You want to make a map of confirmed cases of Zika virus that have occurred in the last month.

Shouldn’t be too hard, right?

This task is just about impossible. There are a couple issues, but basically what it comes down to is: the data just doesn’t exist.

A video I made to highlight the OpenDIGIT project

I recently came across a great visualization of every single commercial aircraft’s location, in real time. It made me wonder, how can we know, with such precision and timeliness, the location of these aircrafts, but not know very much at all about very basic things, like the location of cases of infectious diseases that impact millions of people each year? It seems to me that having this dataset available for researchers, doctors, and the public to interact with is a no-brainer. The insight we could gain from studying epidemic progression through populations and across space in real-time would be massive.
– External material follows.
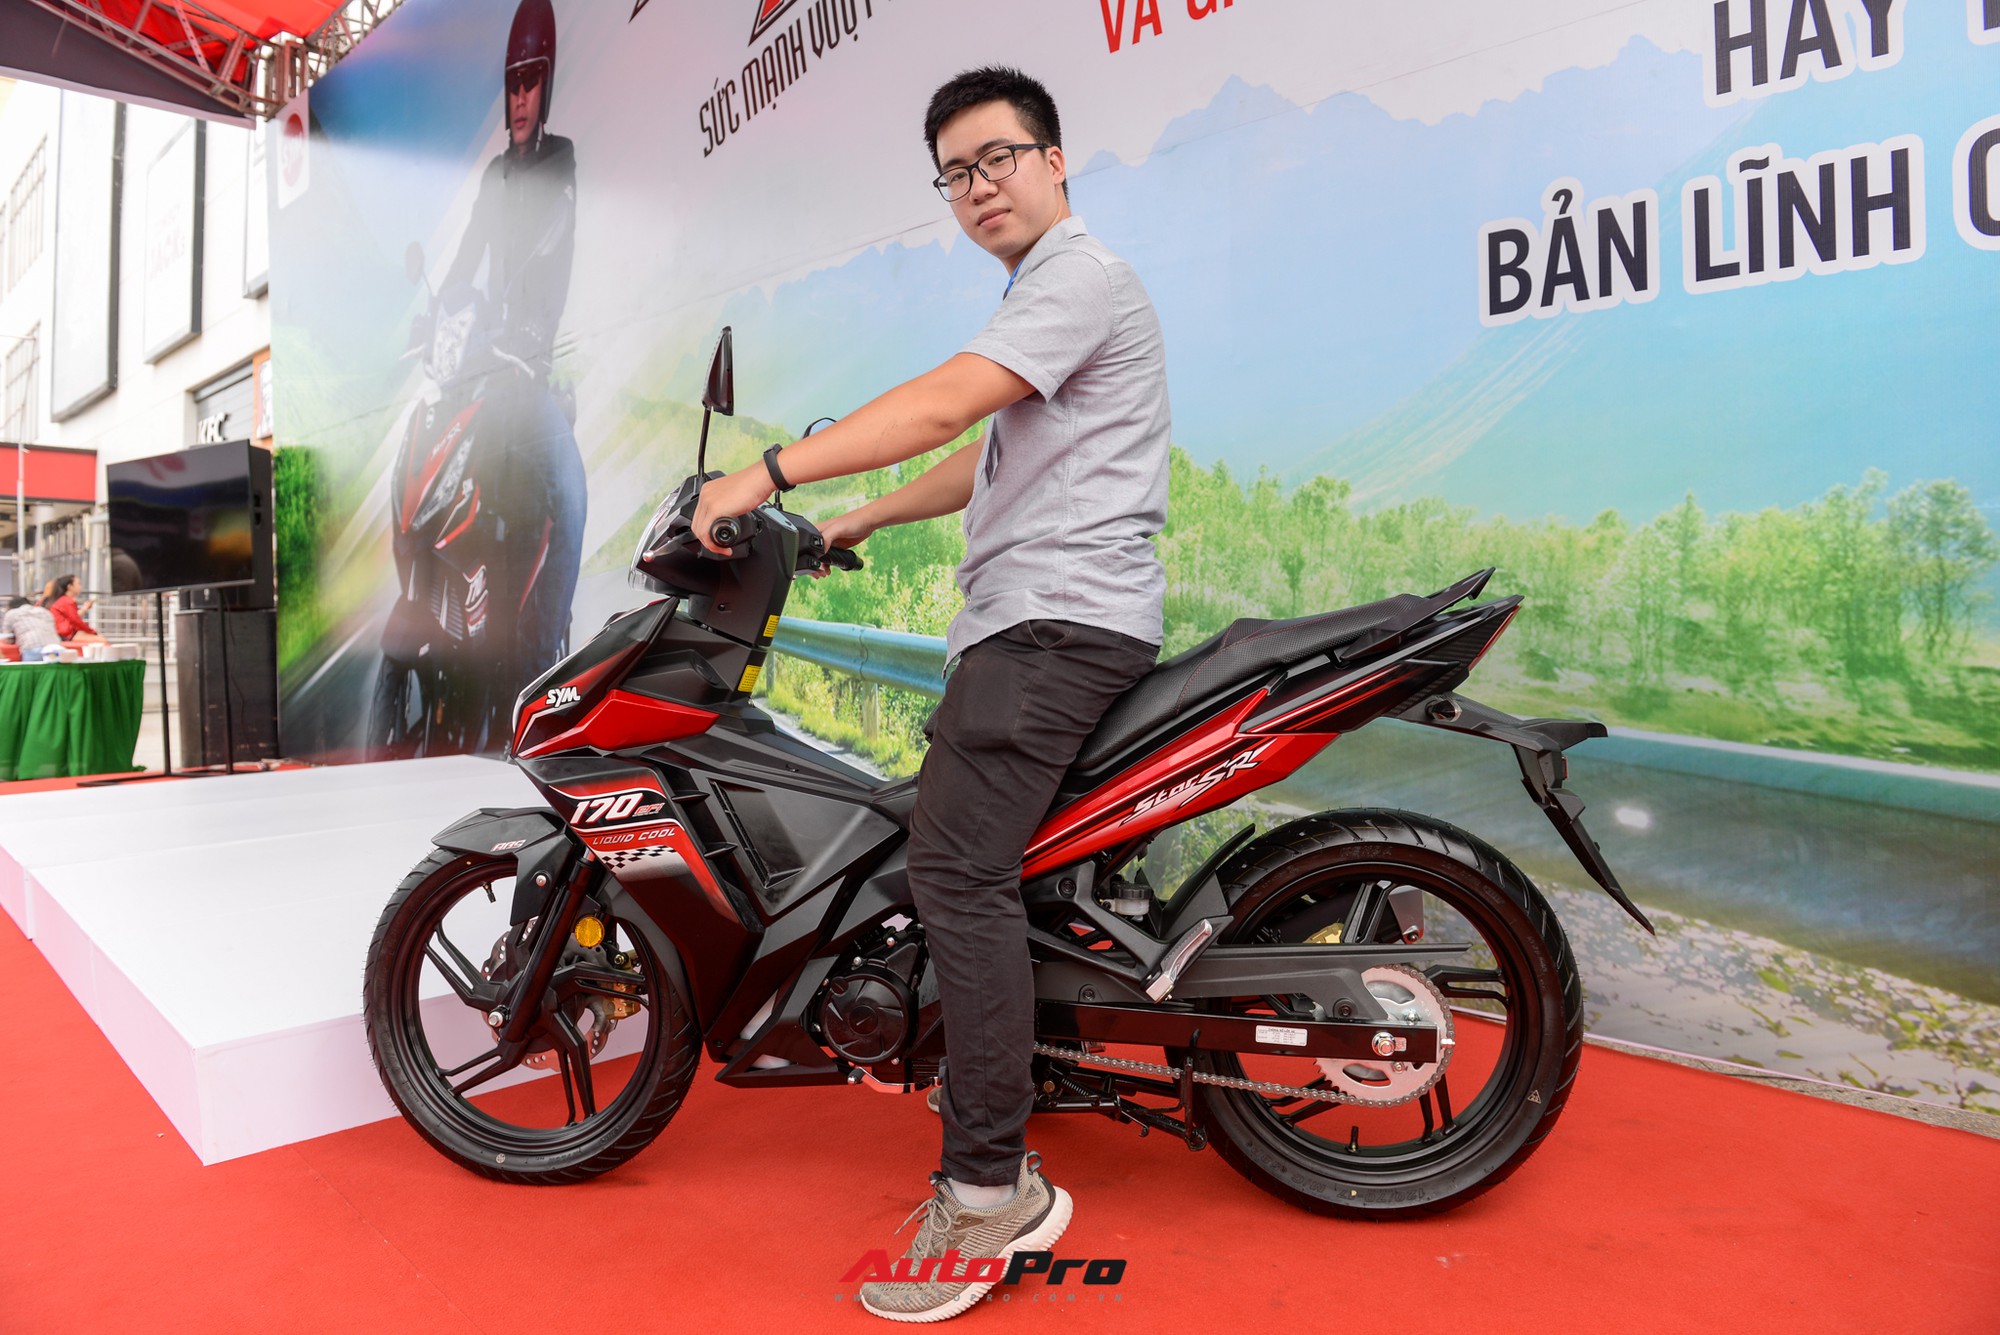 Bộ ba xe côn tay dưới 150cc đáng mua nhất ở Việt Nam

There are a lot of parties with a little bit of this data; from individual doctors, hospitals, and clinics, to local, regional, and national public health agencies, to international governmental and non-governmental organizations. There is not a standardized reporting protocol among these parties, and even if there was, where would the data go? The WHO seems the most likely candidate, and they have a relatively good data repository, but a lot of cases are never reported up the ladder to higher level agencies, making the data incomplete. Furthermore, and perhaps more importantly, even aggregating organizations like the CDC and the WHO don’t produce any data in real time. While both agencies yield relatively good data about past epidemics, there is no information at all about ongoing outbreaks. Finally, due to patient privacy concerns and laws, the data is almost always aggregated to large geographical units. Indeed, most of the best data I could find was reported at a national enumeration unit. Together, that’s a one-two punch to being able to use this data in predictive algorithms for developing prevention strategies: the data that is reported is out of date and it has been aggregated to a point that it is almost no longer useful in models that take spatial position into account.

I envision a dedicated system of databases for reporting cases of infectious diseases in real time, by doctors and nurses in the field. The data therein would be completely free and open, and anyone who wanted to could download the most recent authoritative reports of disease occurrence. The system would allow many, many more people to work with the data, improving the quantity and quality of insights related to how outbreaks spread. The visualizations and models produced could be completely revolutionary. At a higher level, shouldn’t we be able to identify potential threats to our own health?

This won’t be an easy task. I see three categories of challenges we’ll need to overcome in pursuit of the ultimate goal.

  1. Technical: The dataset I’m proposing to make available would be huge. Indeed, it could be on the order of several billion data points, collected annually. The data would need to be available in real time with little latency and no downtime, and would need to be efficiently indexed and highly searchable. To make matters more complicated, the data would be messy, come from many different pipelines, and would likely be incompletely attributed. Altogether, the technical challenges are pretty approachable.

  2. Ethical: As much as it would be a good idea to have all of this data available at the push of a button, it is health data, and it is sensitive. Whatever solution we come up with would have to protect patient privacy. If we can’t do that, we’re probably doing as much harm as good – and we’d probably get sued a bunch too. I believe that by providing only spatiotemporal coordinates (latitude, longitude, time), and by obfuscating these coordinates to reduce precision, we could provide a much higher resolution product than currently available while still ensuring ethical guidelines were followed. Strong collaborations with established NGOs in the field could alleviate some of these challenges and build trust.

  3. Practical: Even if the system was engineered perfectly and met all ethical standards, it would be useless if people didn’t use it. This seems like it’d be the hardest part of the whole project. Because the data resides with so many different organizations, it would take a lot of work to get people to contribute to a new repository. And there’s a big trust barrier to overcome as well. I believe that getting a couple established organizations to partner with early in the project lifecycle would be very helpful to this end. I’m thinking Doctors without Border, local health agencies, even WHO. The practical challenges are really the make it or break it of this project.

National Geographic is giving out a small bit of cash money to innovative new projects. I applied – cross your fingers. If you’ve got any other good sources of funding that I should apply for, let me know.

I know that, given the right team and some funding, the results of this project could be game changing.